■ WORK INSTRUCTIONS
Among the entries below, find the line with "Titi Necklace by" and the line with "This Nanotyrannus lancensis". Return exactly those lines and every line between them, but no pictures.

■ GIVEN INFORMATION

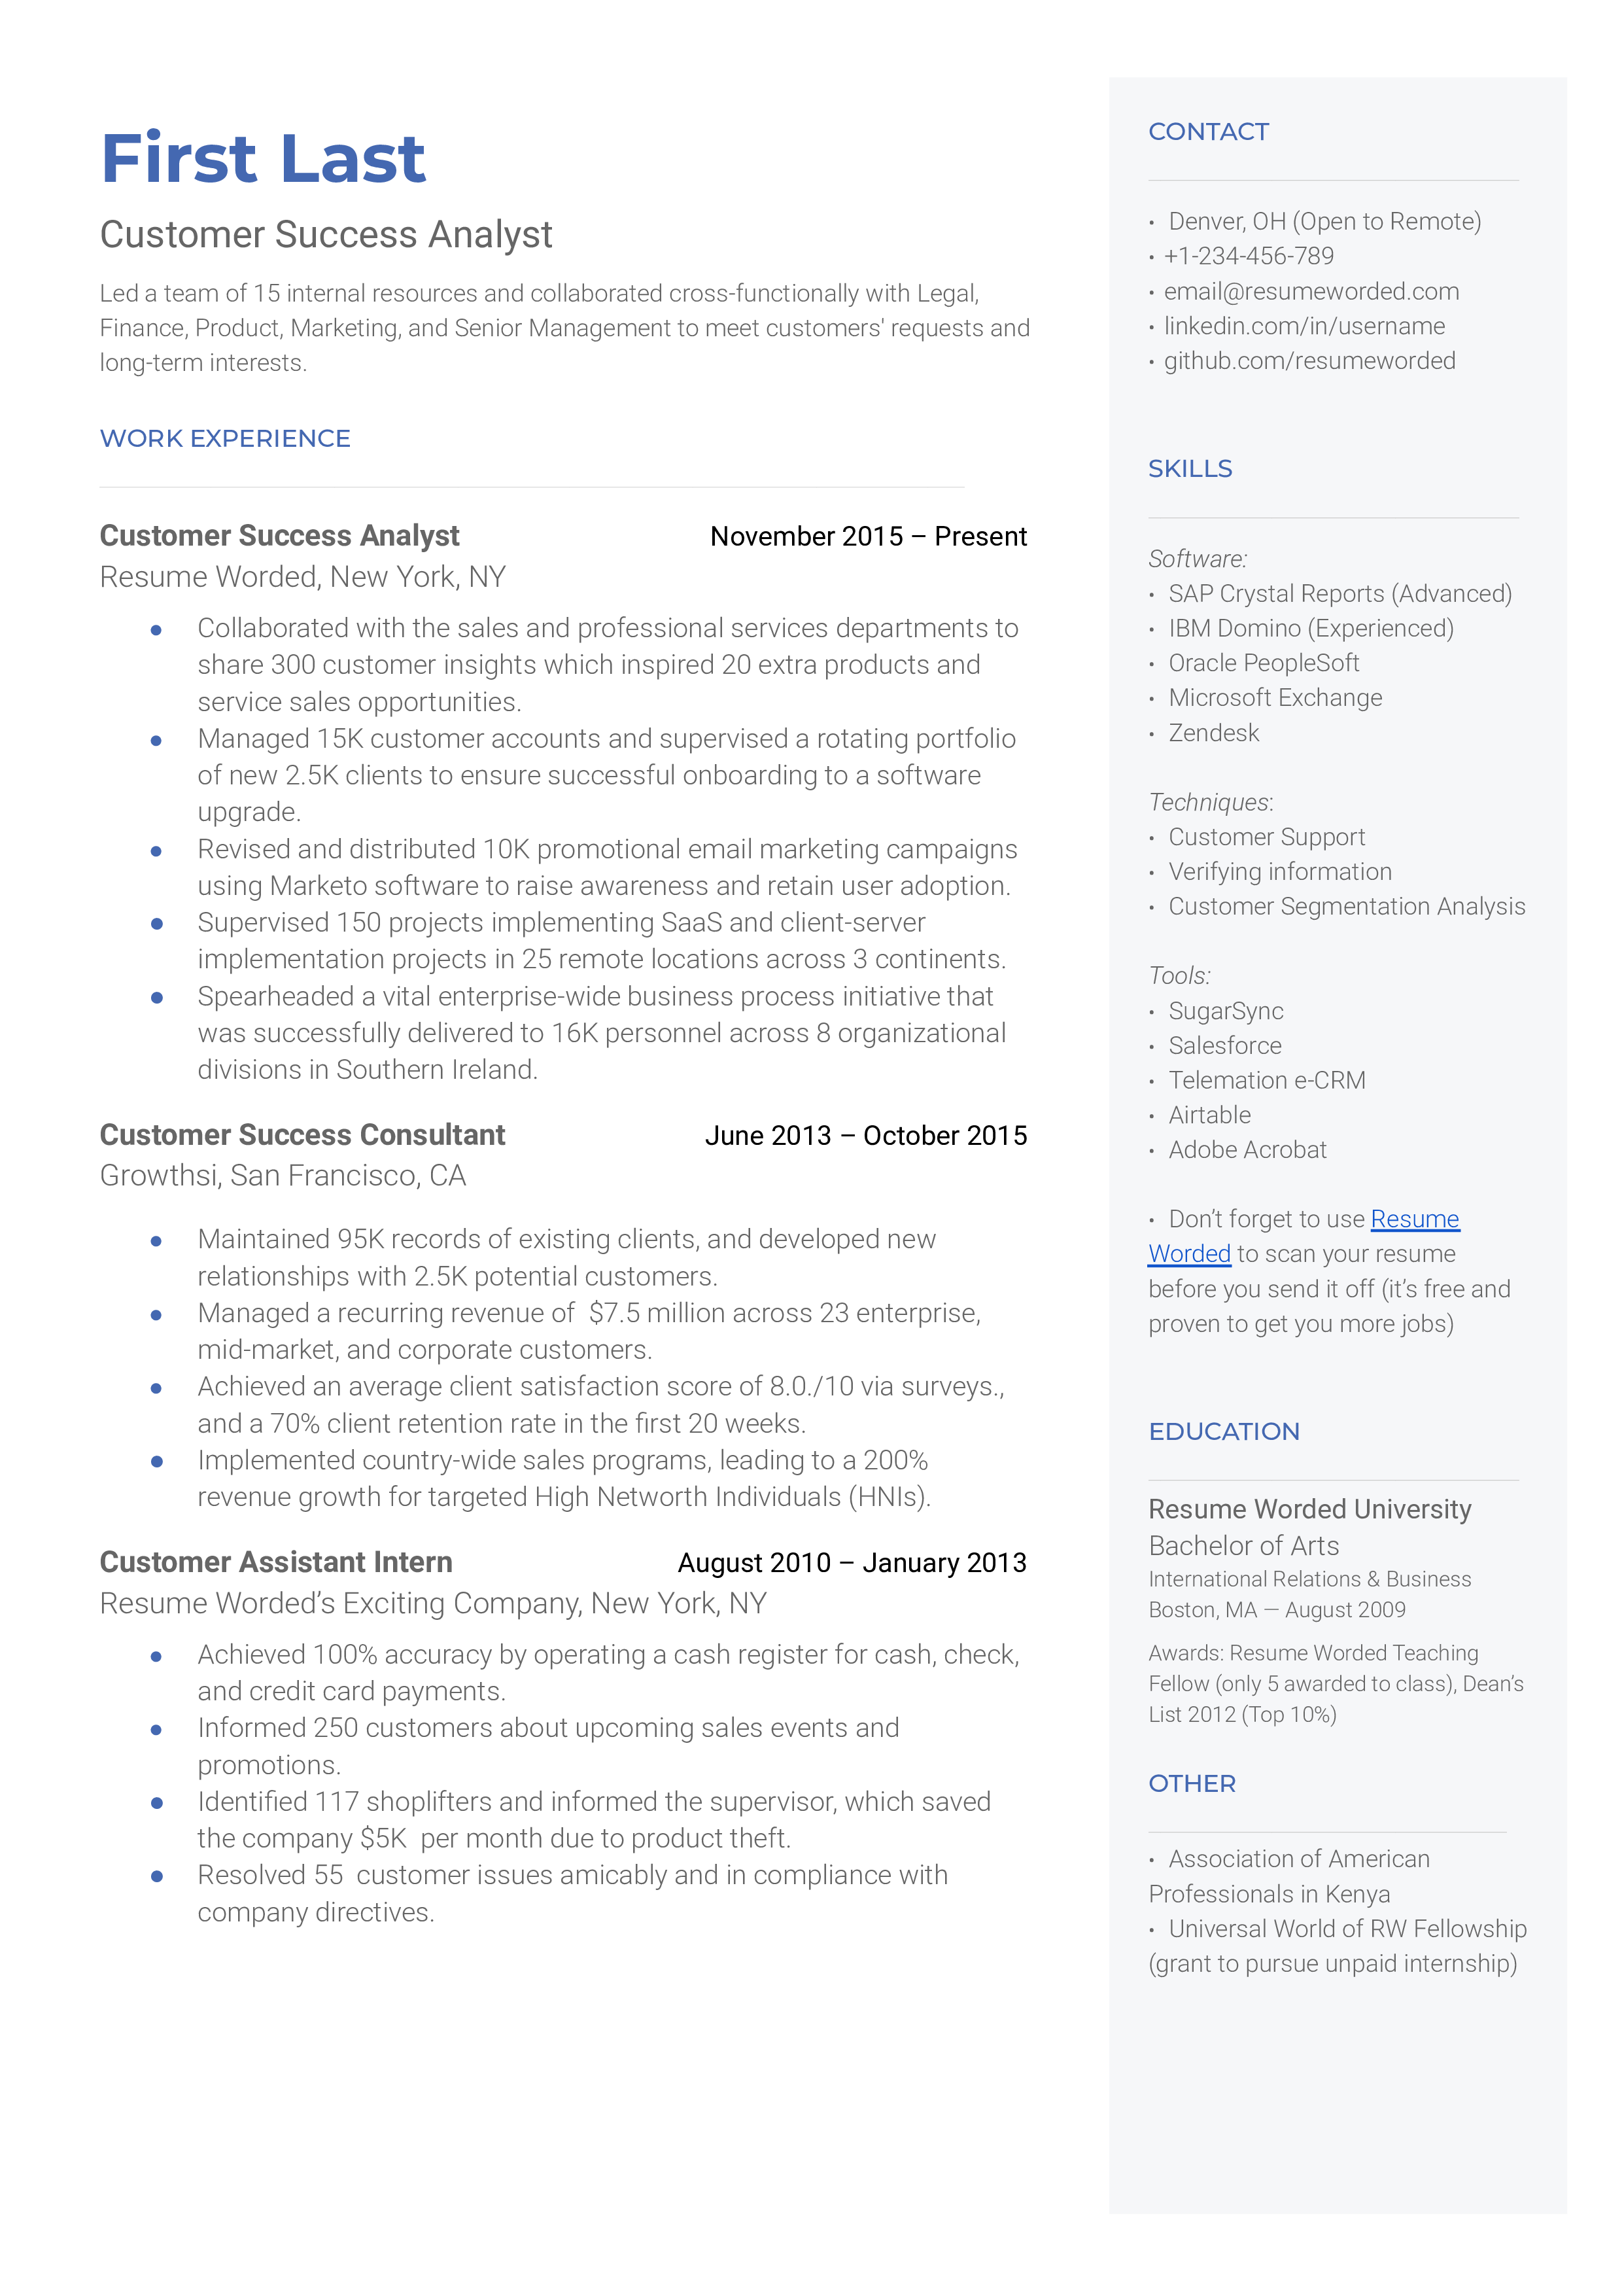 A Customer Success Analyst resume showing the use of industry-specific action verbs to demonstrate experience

* * *

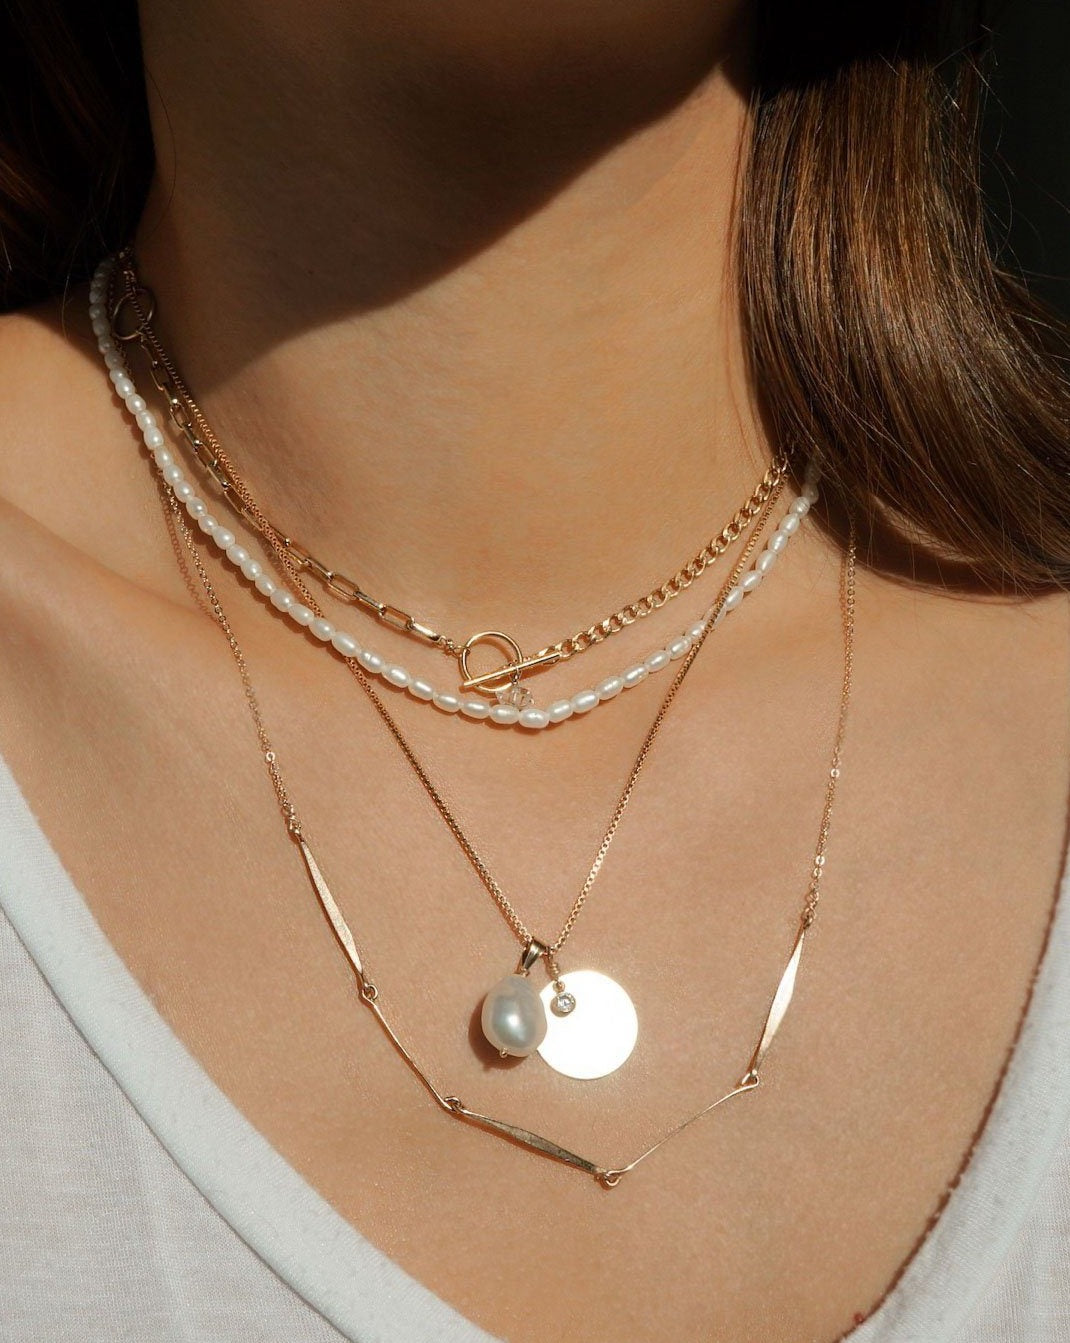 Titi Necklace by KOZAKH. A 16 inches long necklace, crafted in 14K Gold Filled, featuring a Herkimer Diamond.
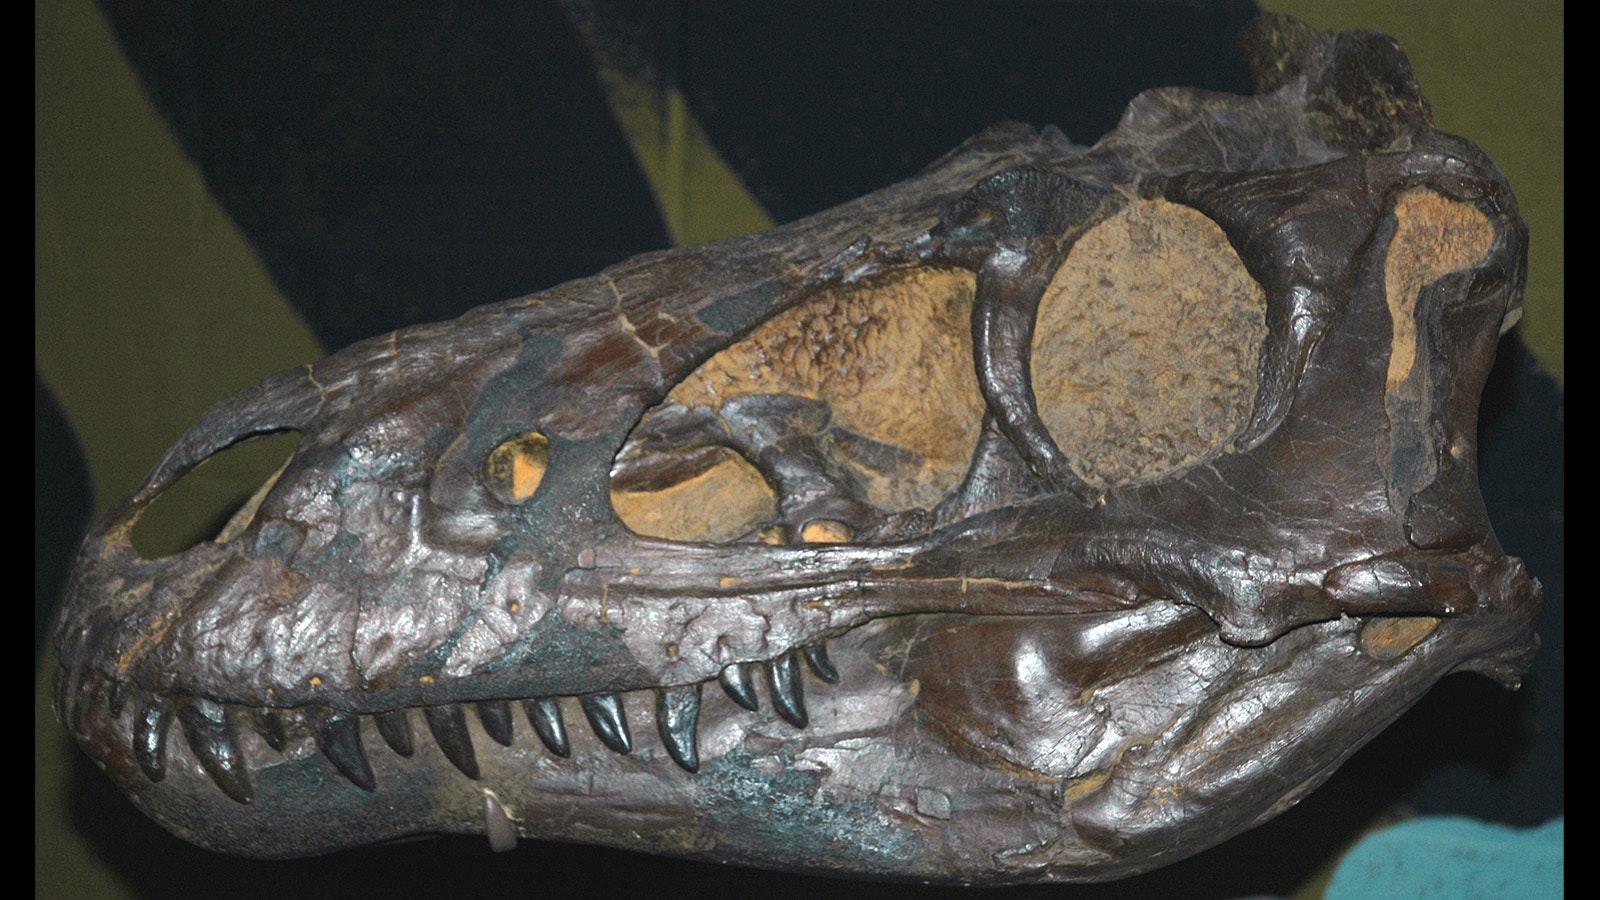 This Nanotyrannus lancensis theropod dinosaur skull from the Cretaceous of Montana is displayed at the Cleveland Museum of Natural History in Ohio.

■ SOLUTION TO THE EXERCISE
 Titi Necklace by KOZAKH. A 16 inches long necklace, crafted in 14K Gold Filled, featuring a Herkimer Diamond.
 This Nanotyrannus lancensis theropod dinosaur skull from the Cretaceous of Montana is displayed at the Cleveland Museum of Natural History in Ohio.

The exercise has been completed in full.